WORK TASK: Go through the data below and copy it exactly, skipping every picture.

THE DATA:
┌────────

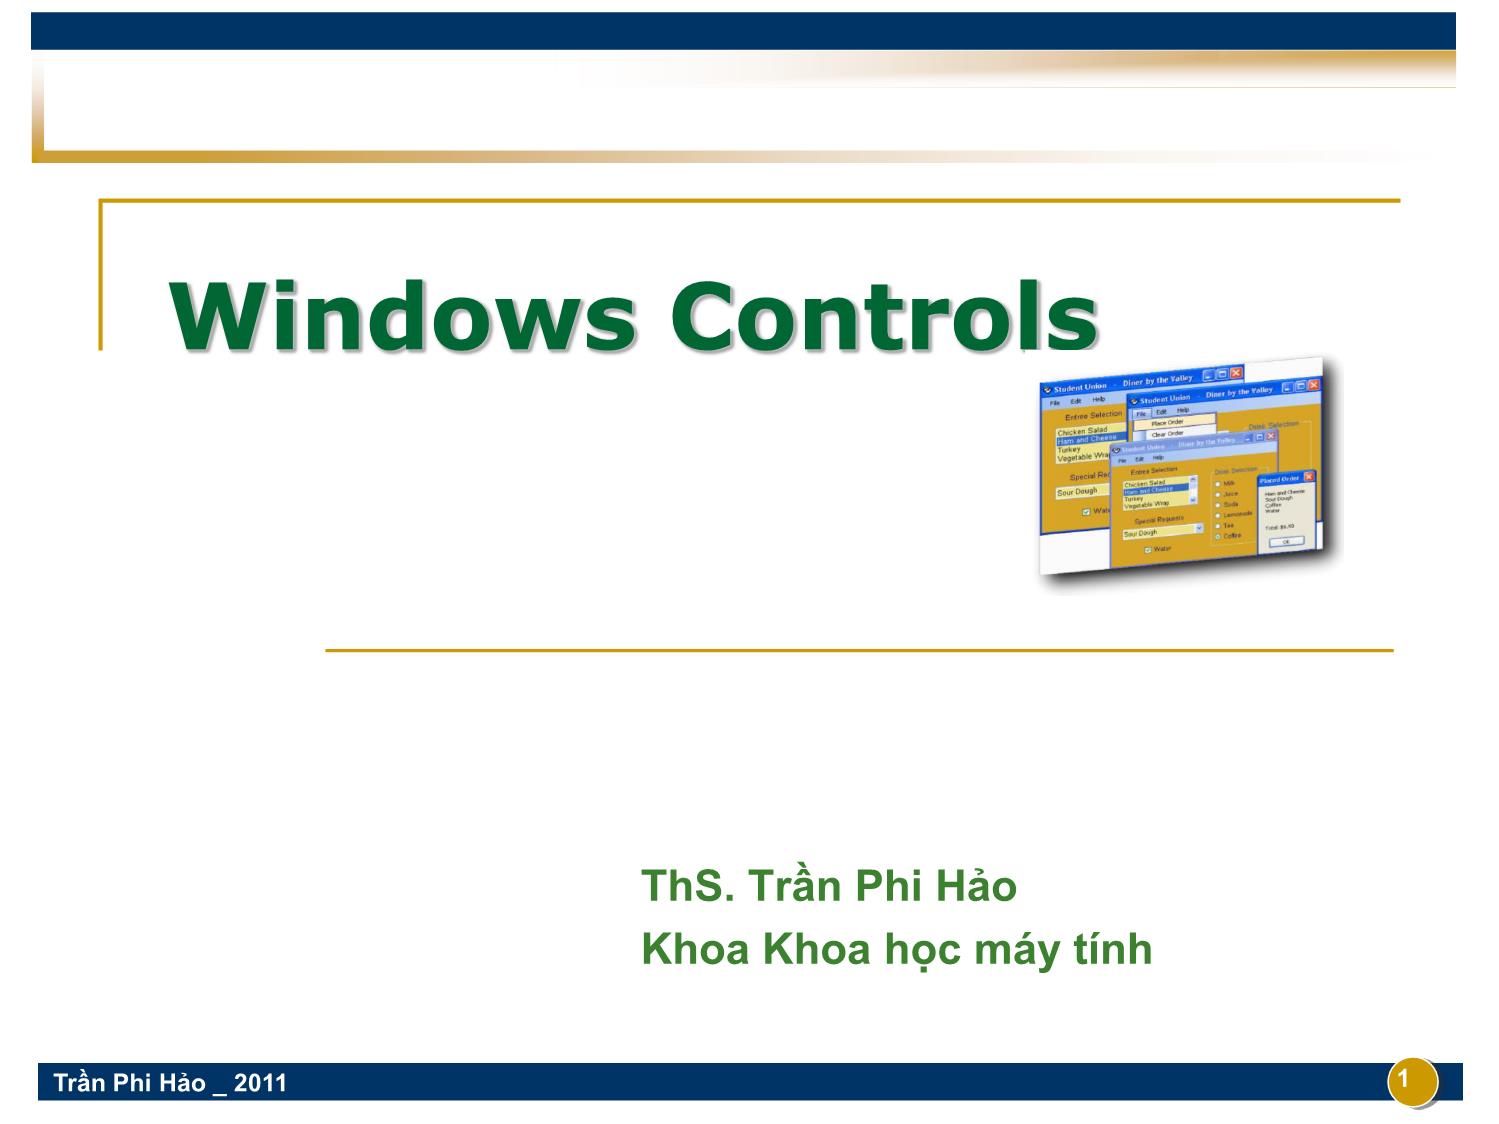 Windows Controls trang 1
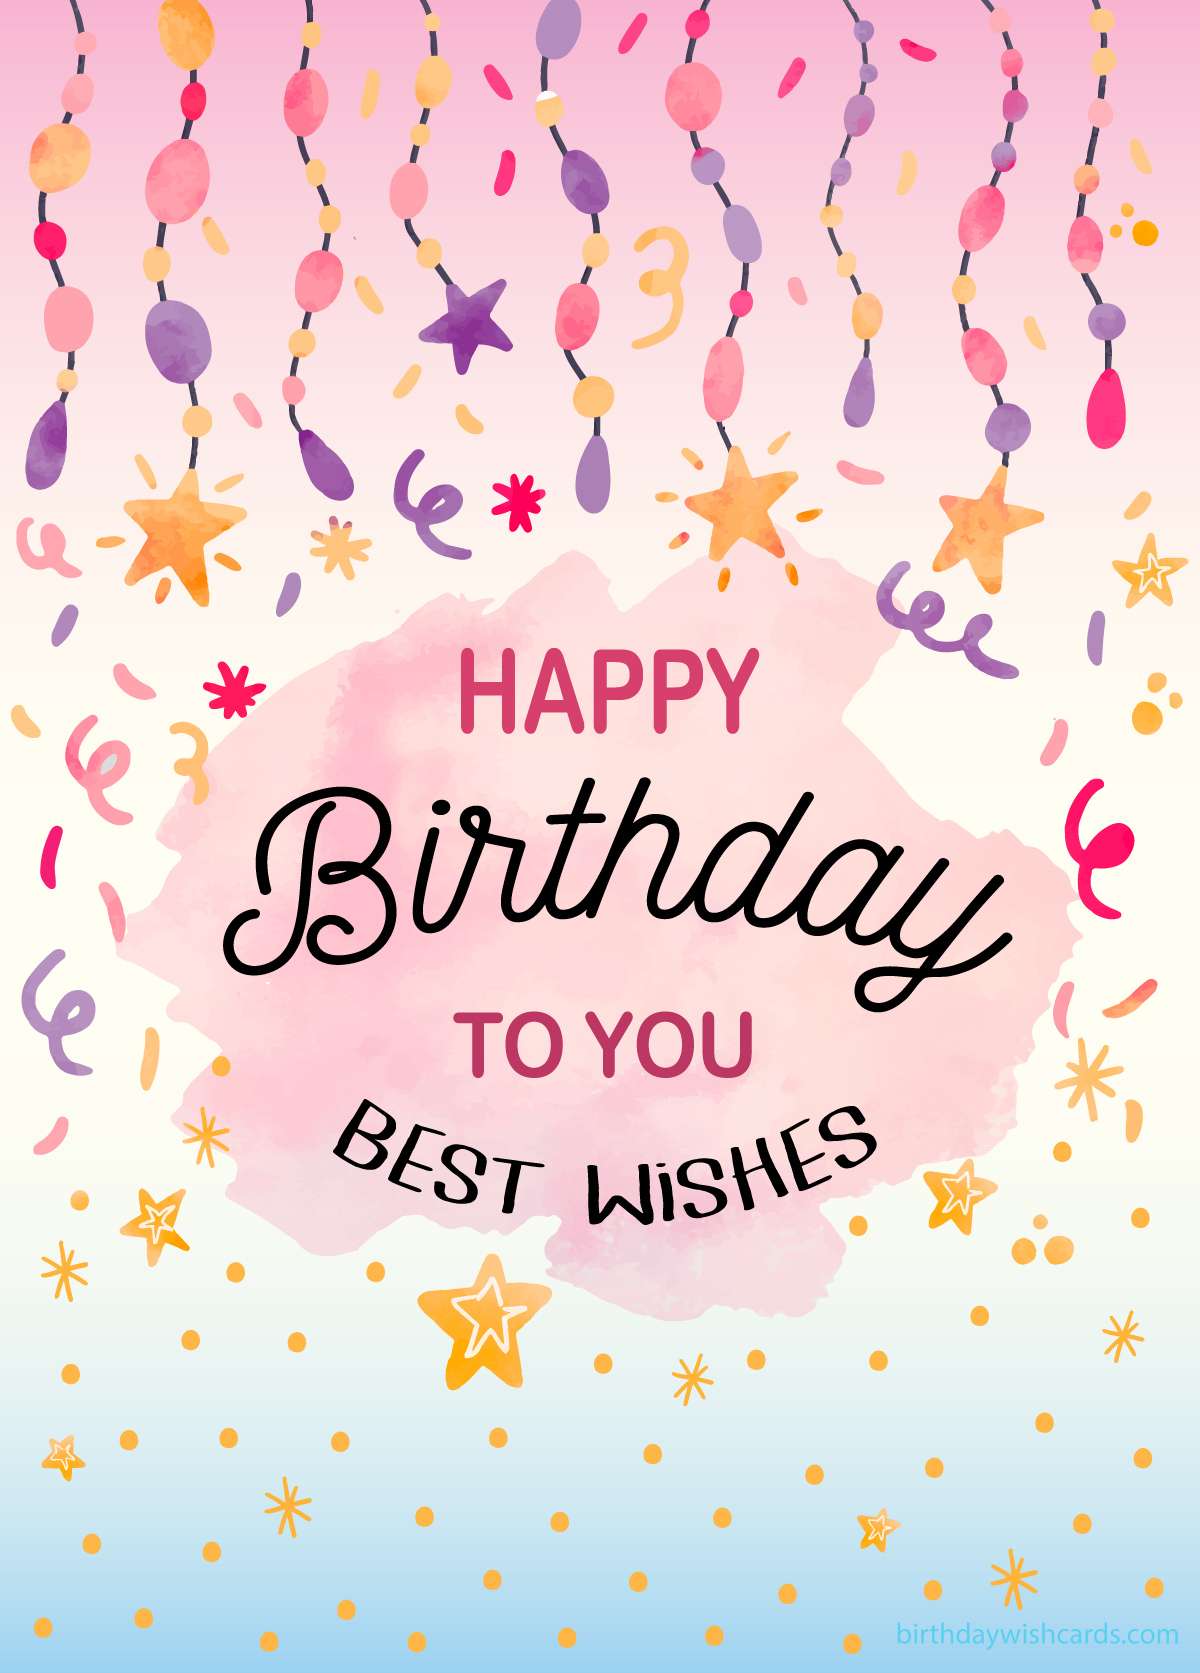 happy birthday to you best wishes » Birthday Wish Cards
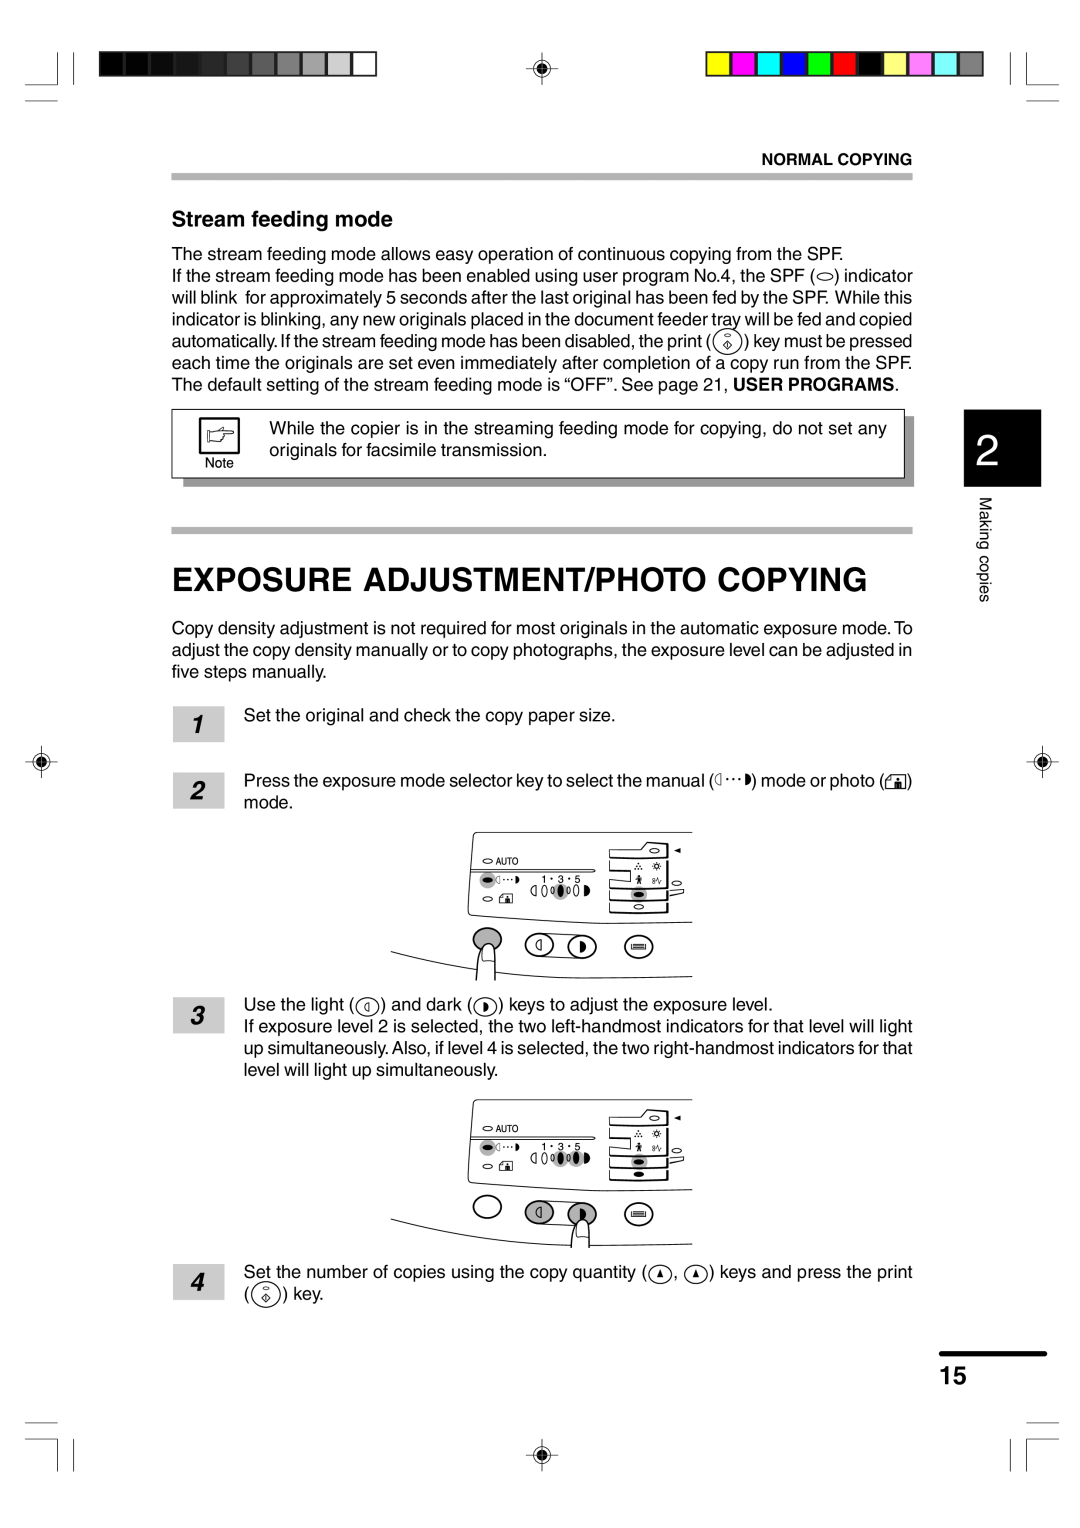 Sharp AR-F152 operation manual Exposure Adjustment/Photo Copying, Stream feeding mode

└────────

TASK SOLUTION:
 Windows Controls trang 1
 happy birthday to you best wishes » Birthday Wish Cards
 Sharp AR-F152 operation manual Exposure Adjustment/Photo Copying, Stream feeding mode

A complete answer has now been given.